Gov. Gavin Newsom had announced plans to mandate Covid vaccine for school children in July, but the state will delay until July 2023.

Hospitalizations, which peaked in January from Omicron, have plummeted in California and locally.

The state Department of Public Health reports test positivity, 23% in January, has ticked up from 1.7% to 2.7% but hospitalizations — 20,000 at the peak of the Omicron surge in January — are down to 950.

In Santa Cruz County, six people are hospitalized with Covid, none in intensive care. On Wednesday, the county reported one more death, a man in his 80s with underlying medical conditions, brining the total to 261.

On April 25, Cal/OSHA Standards Board convened in person for the first time in two years and adopted new workplace rules.

Unvaccinated and vaccinated workers must be treated the same; no mask mandate for those unvaccinated. Requirements to disinfect surfaces were removed. Requirements for partitions and physical distancing were replaced by requirements for better ventilation. Employees testing positive can return to work masked five days later.

Airline Mask Mandate Voided

On April 18, a federal judge in Florida voided the mask mandate for airlines, trains and buses ordered by the CDC on Feb. 3, 2021.

Airlines made masks optional. The Justice Department is appealing at the request of the CDC but the agency did not ask for a stay of the ruling, which would have reinstated the mandate.

U.S. District Judge Kathryn Kimball Mizelle ruled in favor of Health Freedom Defense Fund and airline travelers Ana Carolina Daza and Sarah Pope, who claimed the CDC failed to provide a 30-day comment public period required for new regulations.

Mizzell provided a 59-page explanation, based on the Public Health Services Act of 1944, which specifies measures that could be necessary to prevent the spread of disease, inspection, fumigation, disinfection, sanitation, and pest extermination, but there is no definition of sanitation. Dictionaries from this time define sanitation as cleaning.

“Wearing a mask cleans nothing,” the judge wrote. “At most it traps virus droplets. But it neither ‘sanitizes’ the person wearing the mask nor ‘sanitizes’ the conveyance.”

The mask mandate applied to anyone at an airport without a finding of infection.

The government interprets “sanitation” to mean “applying of measures for preserving and promoting public health.” The judge disagreed, writing that historically, public health has been regulated at the state level, and the 1944 law has no clear language indicating Congress intended for the CDC to take over this responsibility.

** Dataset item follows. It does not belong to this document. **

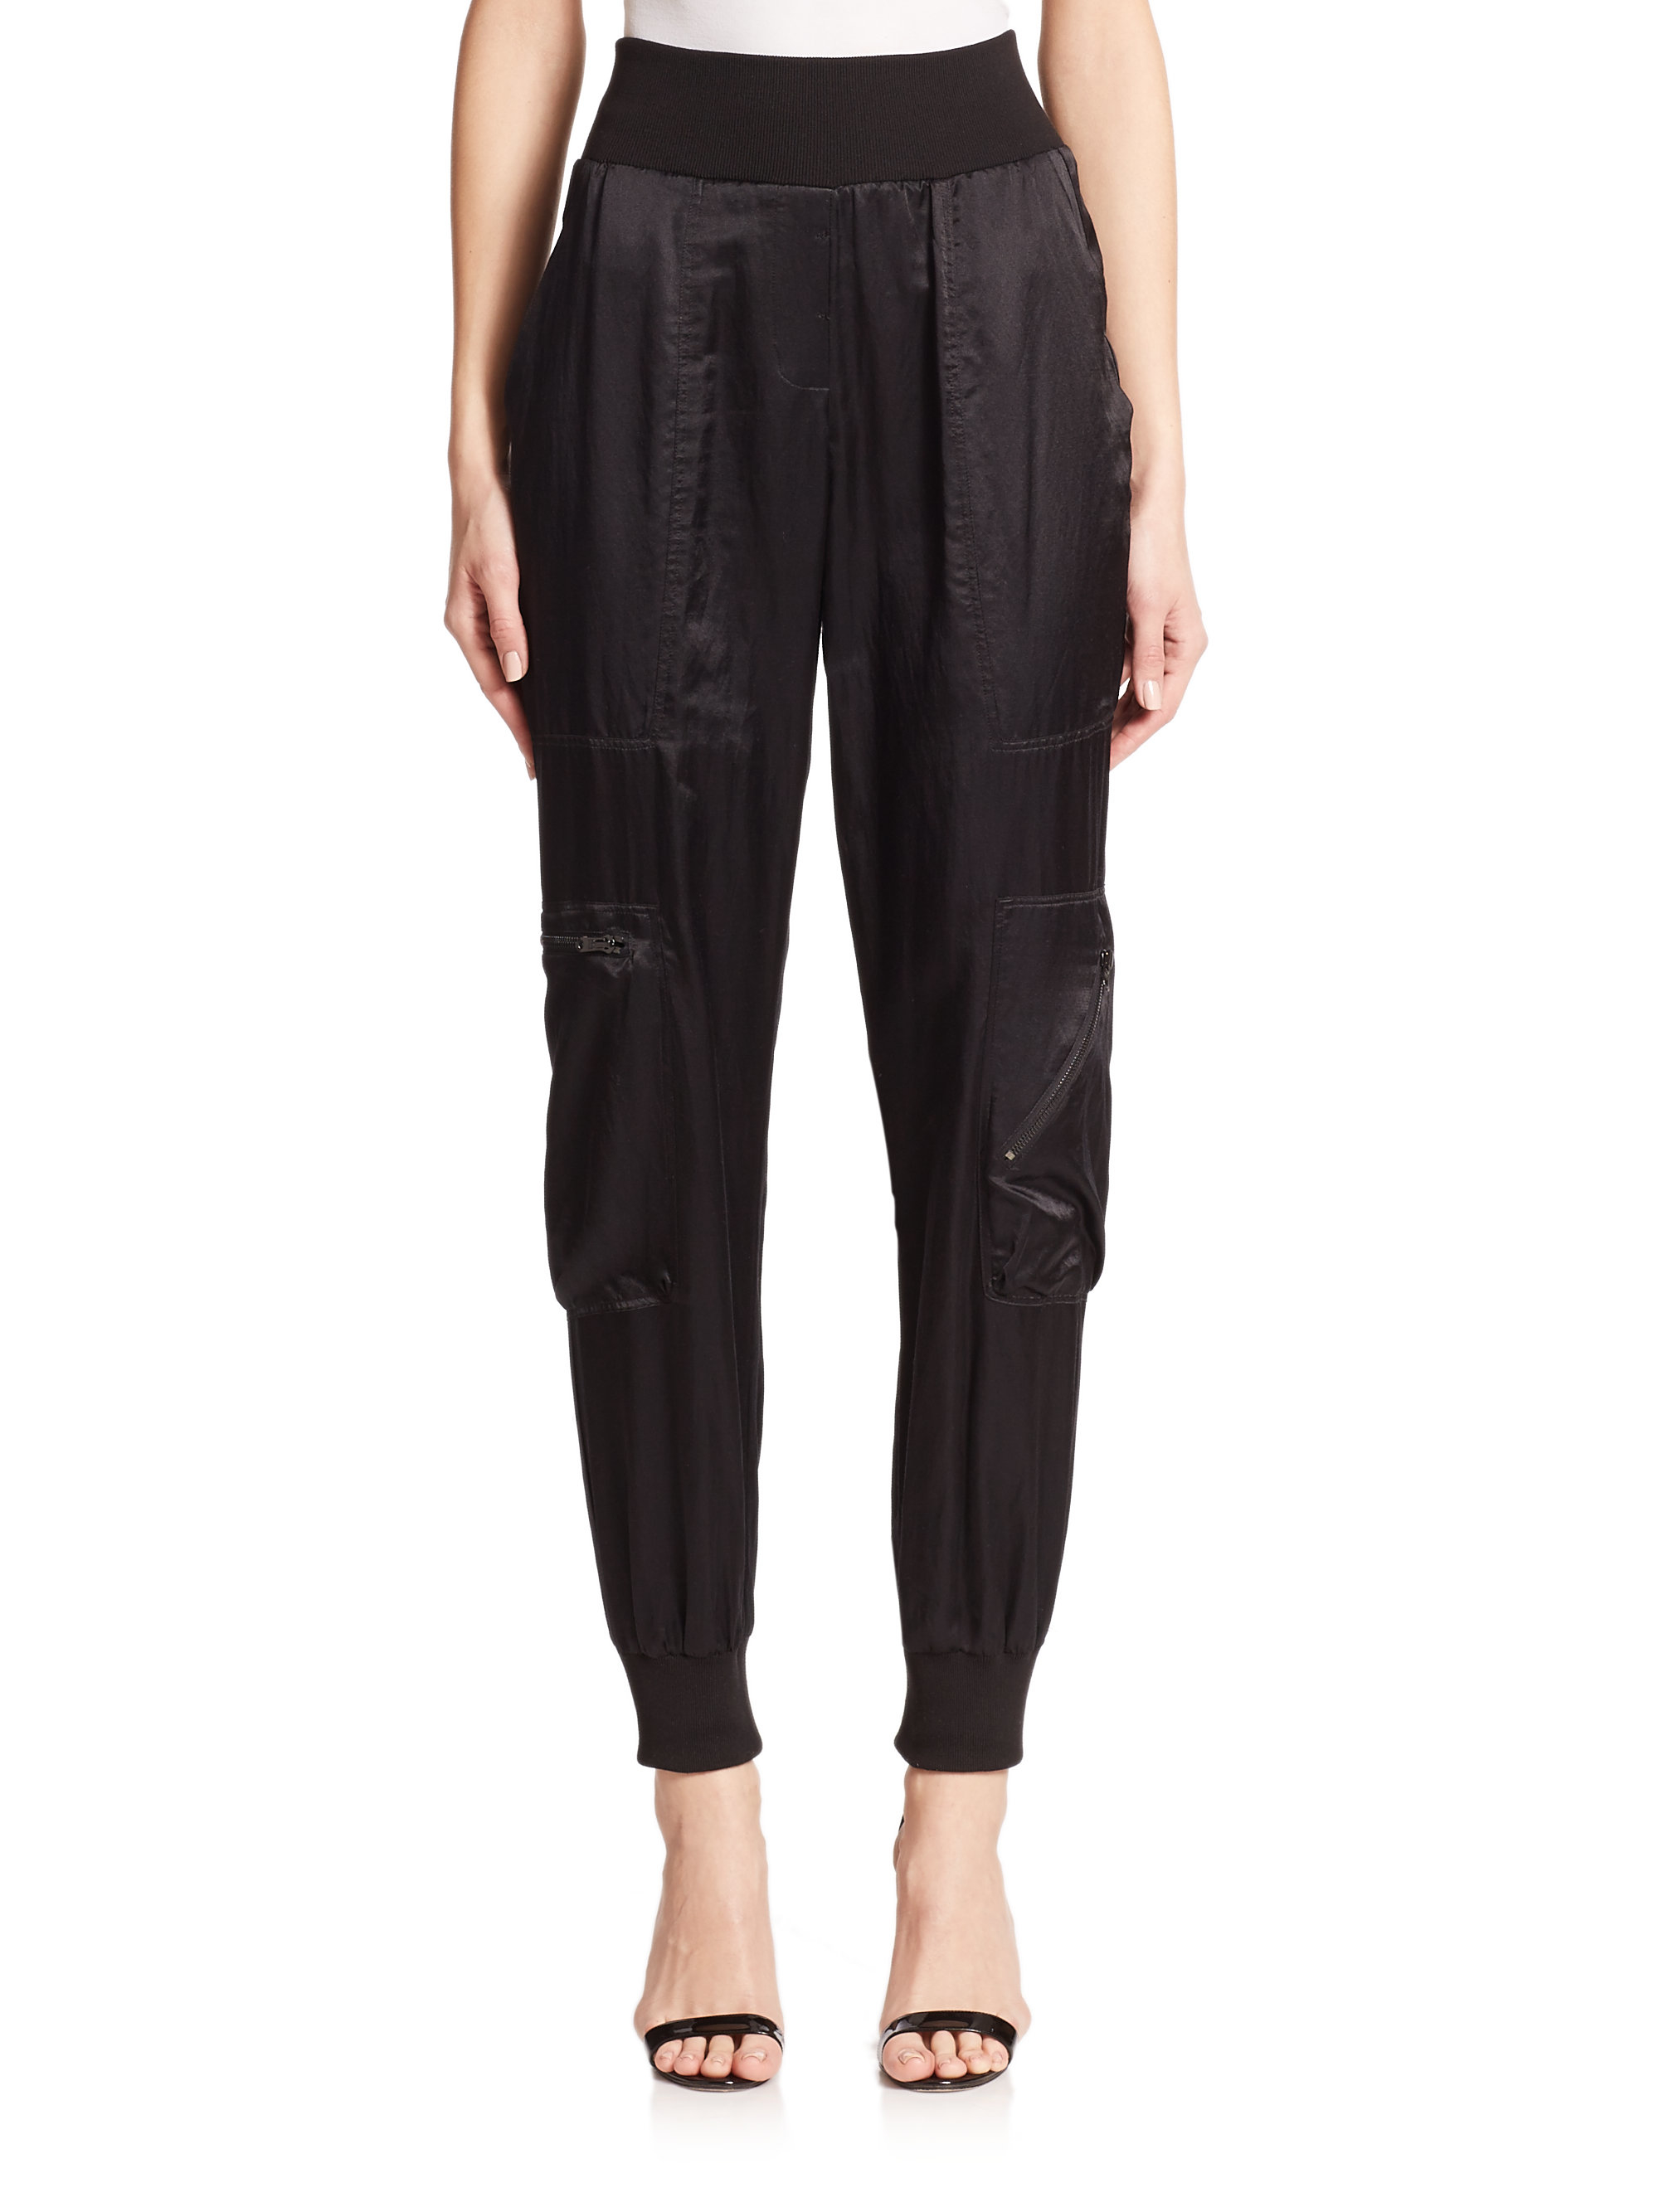 Lyst - Donna karan Silk & Cotton Cargo Pants in Black

Secondly, the CDC did not allow public comment although the Administrative Procedures Act requires agencies provide an opportunity for the public to review and comment on a new rule before it takes effect. The comment period must be at least 30 days; the agency must consider and respond.

The CDC asserted Covid-19 caused a public health emergency without providing supporting data, unlike Medicare, which mandated without public comment vaccination of healthcare staff, providing 44 footnotes of sources.

The judge concluded: Process matters. The purpose of notice and comment is to reintroduce public participation and fairness to affected parties after government authority has been delegated to unrepresentative agencies.